HIST-8800 Statement of Purpose

I am a second-year Master’s student in Temple University’s Department of History. Ten years ago, I secured a B.A. degree in Theater with a concentration in Performance at West Chester University, and I did not realize how much I love history until after I graduated. Ever since, I have worked as a historical tour guide in Independence National Historical Park, where I enjoy telling people all about unconventional topics such as Ben Franklin’s family life or the destructive impact Independence Park’s construction had on adjacent neighborhoods. Currently, I am studying U.S. military history during the long nineteenth century with a focus on atrocities committed by the military, primarily against Native Americans, during that time.

I have zero previous experience with conducting professional oral history, but I have come close.

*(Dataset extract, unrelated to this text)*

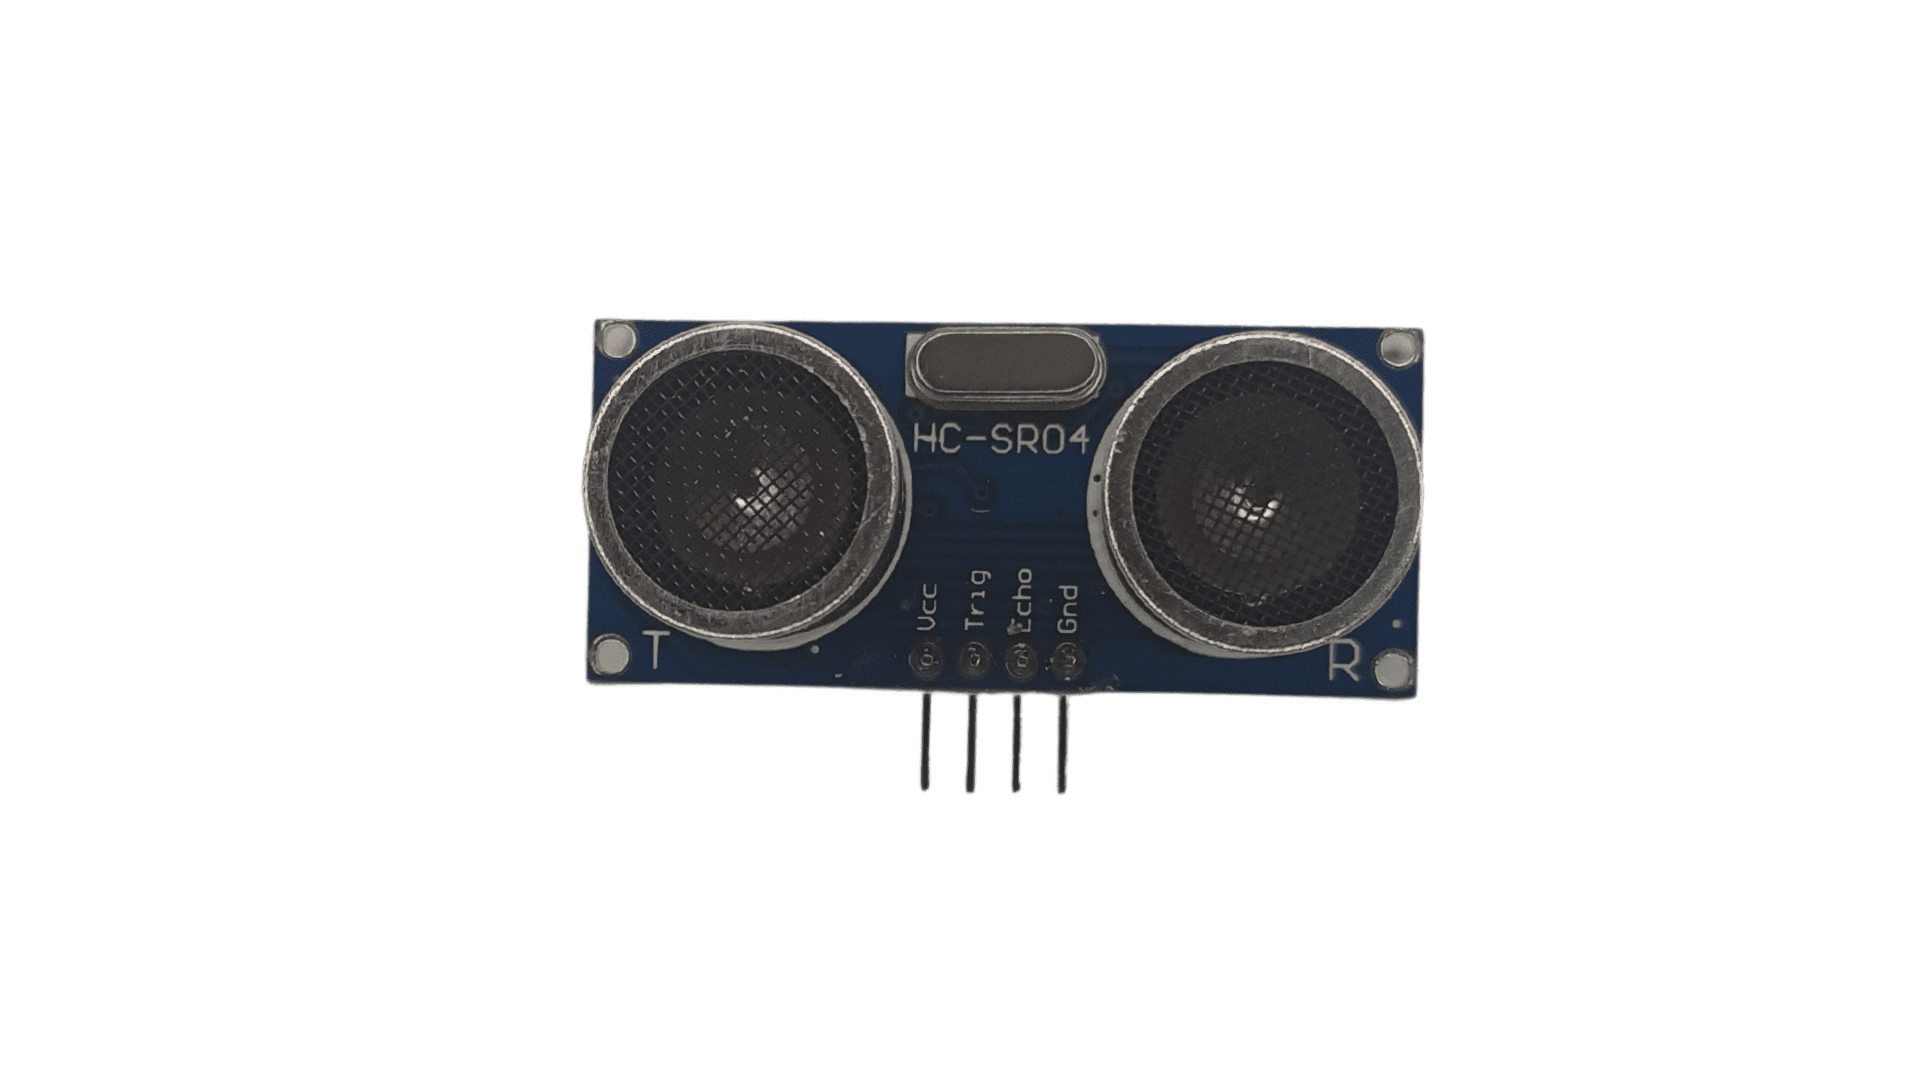 Ultrasonic sensor for Arduino projects
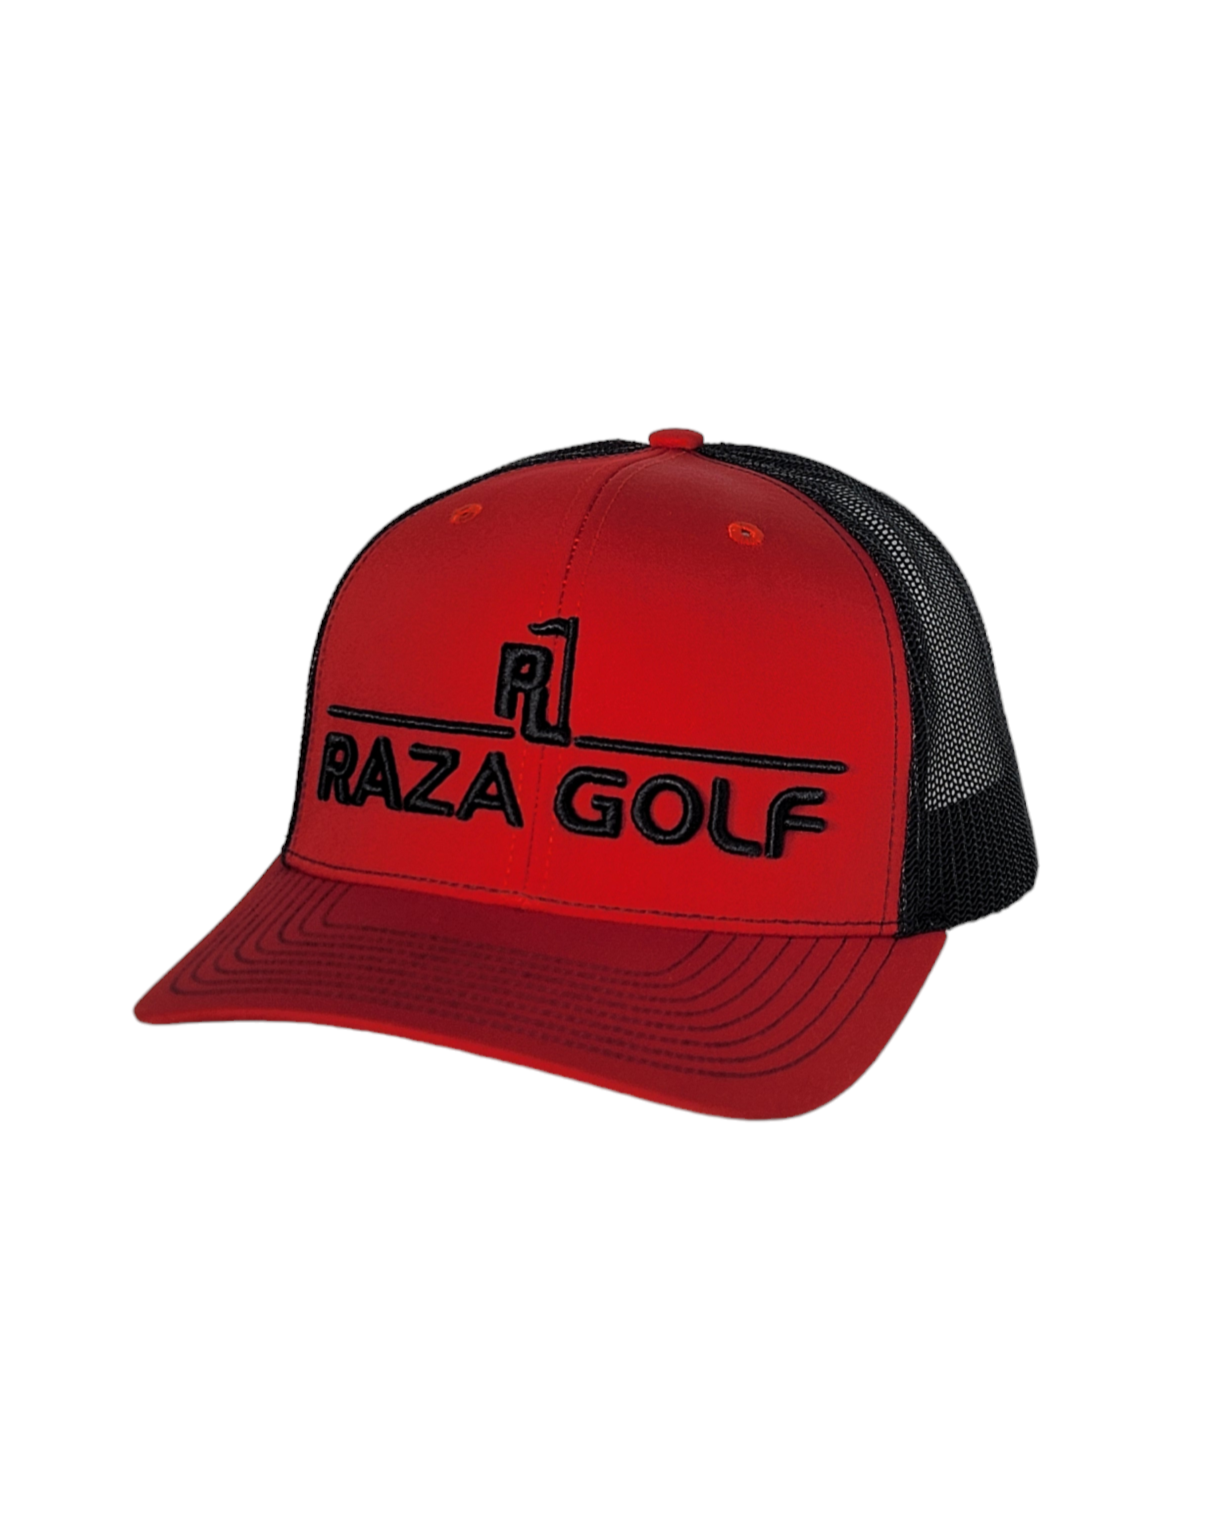 Raza Golf Red/Black Linear Trucker Hat

At the age of 9 or 10, I recorded myself interviewing my grandparents about their upbringing during the Great Depression (for reasons which I have forgotten, my young grandfather had been compelled one day to scrub his front porch with a toothbrush, which is how my amused grandmother met him for the first time). Much more recently, last year in fact, I interviewed Mark Segal and Tommi Avicolli-Mecca, two queer elders who were involved in an effort (back in the 1970s) to end Temple University’s participation in conducting conversion therapy on gay Temple students and Philadelphians. I did not use high-quality recording equipment, nor have I deposited the interviews into an archive, so this work does not meet the definition of actual oral history, but it is the closest I have come so far. Turns out, I didn’t even know what oral history actually was until this week.

I have no specific career aspirations involving oral history at the moment, but I very much enjoyed the experience of interviewing people last year and I would like to learn how to do it properly. One day, I might go to South Philly and interview descendants of people who used to live in “The Neck,” a lost and mostly forgotten community which used to exist where the stadiums, FDR Park, and Navy Yard are today. Any remaining physical evidence of that community is now buried under ten feet of fill, and you would have no idea any of it was ever there if you visited the area today. It is a fascinating piece of Philadelphian history which no one seems to be writing about, and I’d like to change that in the future.